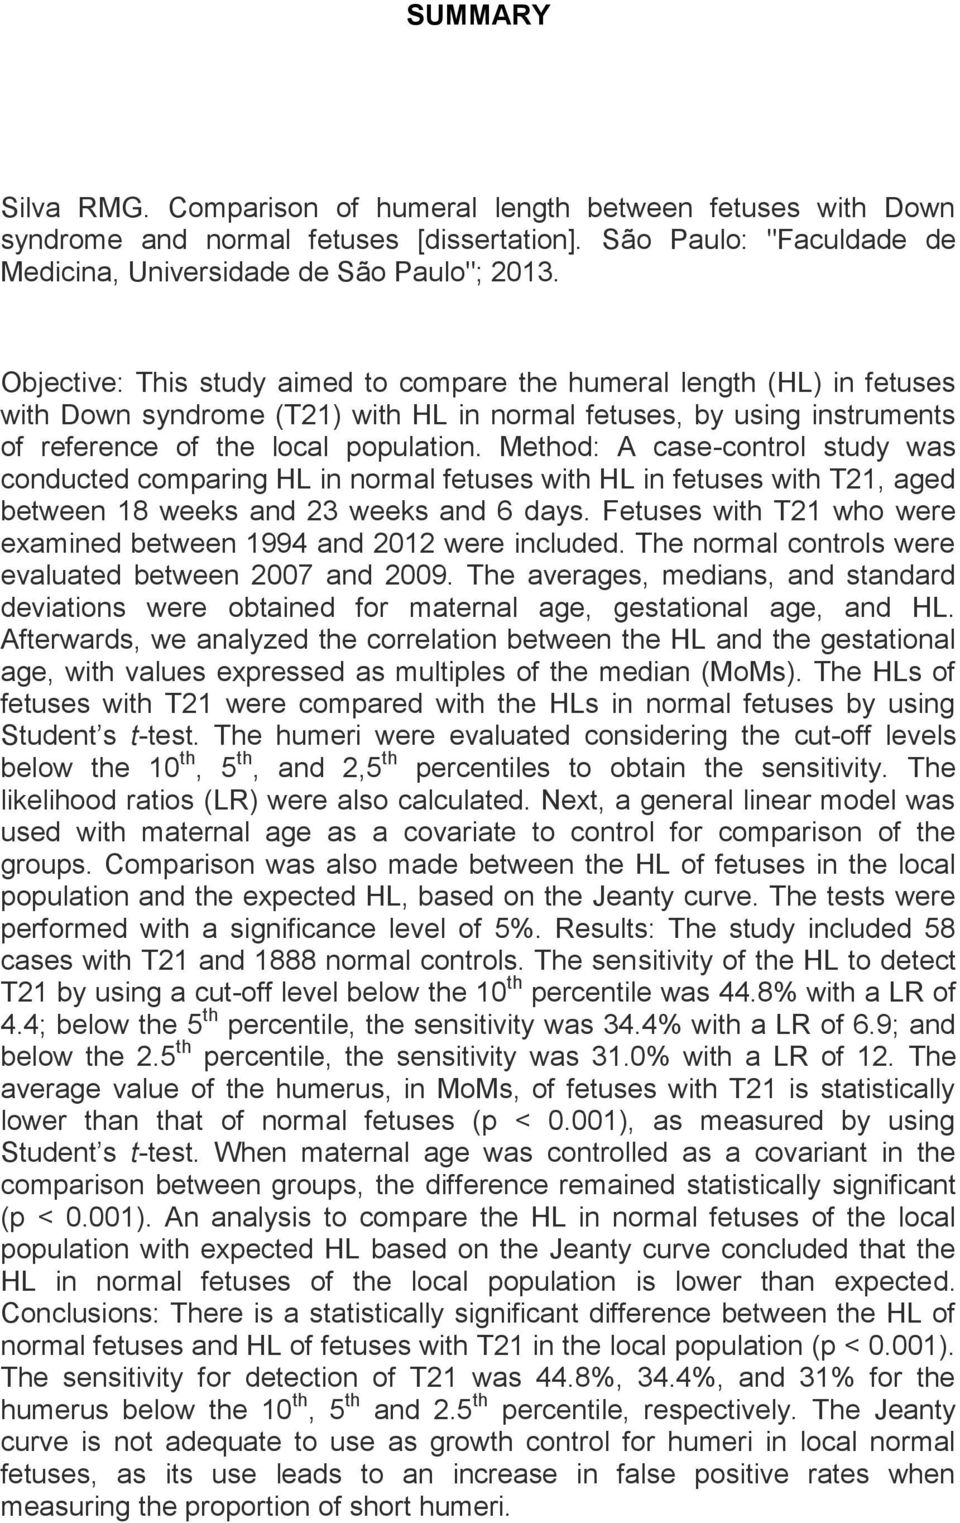 Method: A case-control study was conducted comparing HL in normal fetuses with HL in fetuses with T21, aged between 18 weeks and 23 weeks and 6 days.
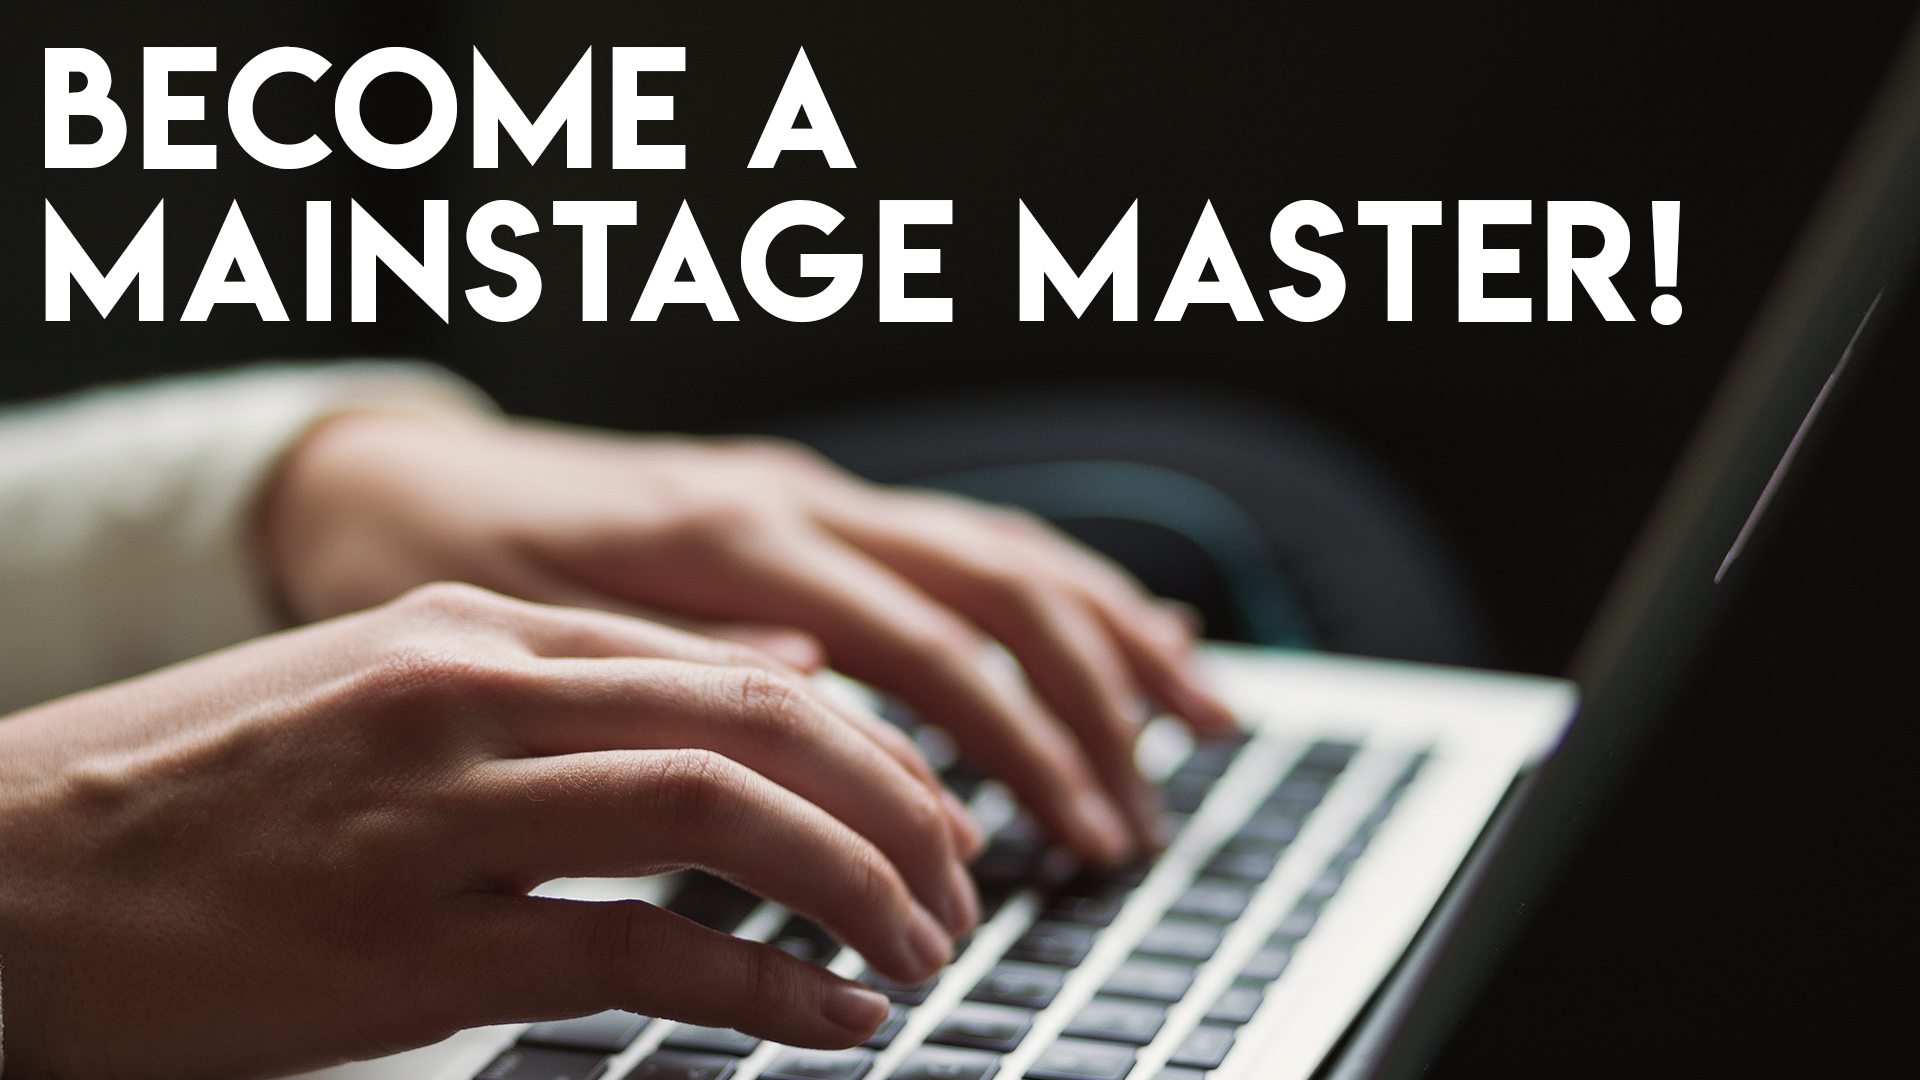 MainStage Mastery Training Course - Become a MainStage Master!
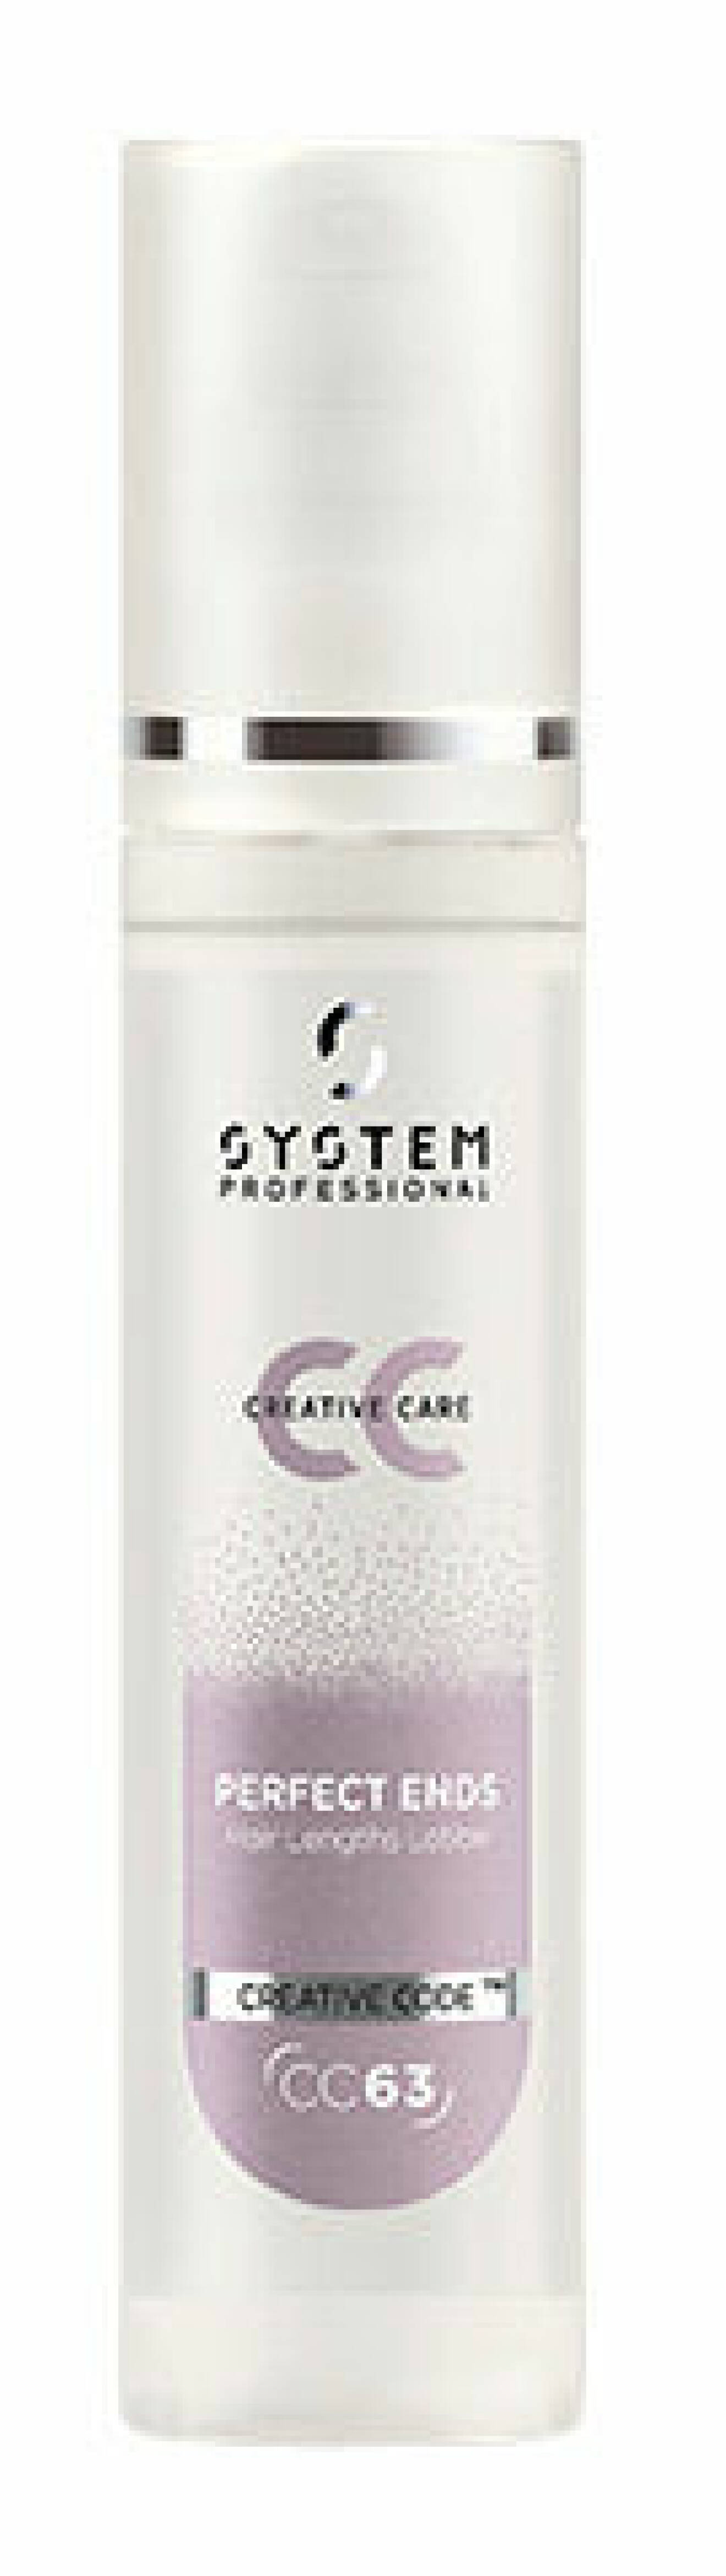 System Professional Creative Care Perfect Ends
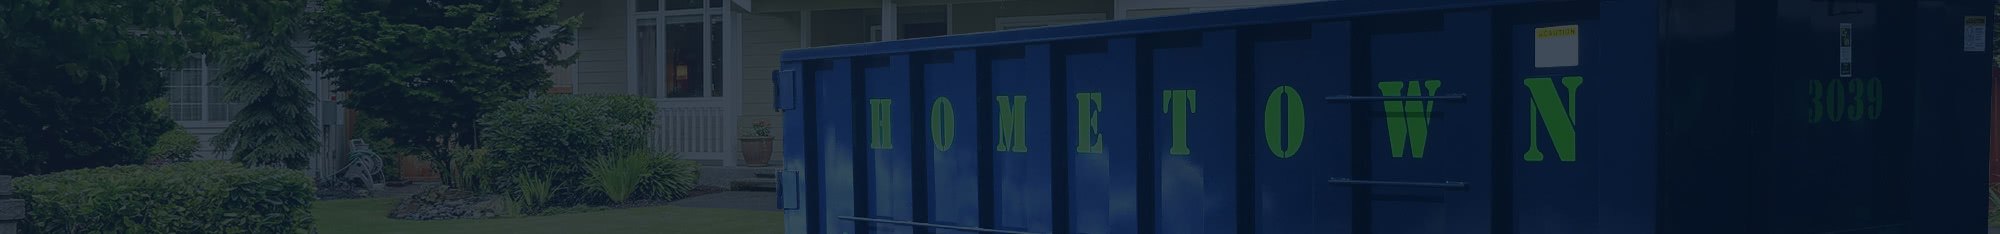 How To Load A Dumpster Safely And What Not To Do | Hometown Waste

TASK ITEM
Leave the images out and transcribe the remaining data above word for word.

WORKED SOLUTION
 Method: A case-control study was conducted comparing HL in normal fetuses with HL in fetuses with T21, aged between 18 weeks and 23 weeks and 6 days.
 MainStage Mastery Training Course - Become a MainStage Master!
 System Professional Creative Care Perfect Ends
 How To Load A Dumpster Safely And What Not To Do | Hometown Waste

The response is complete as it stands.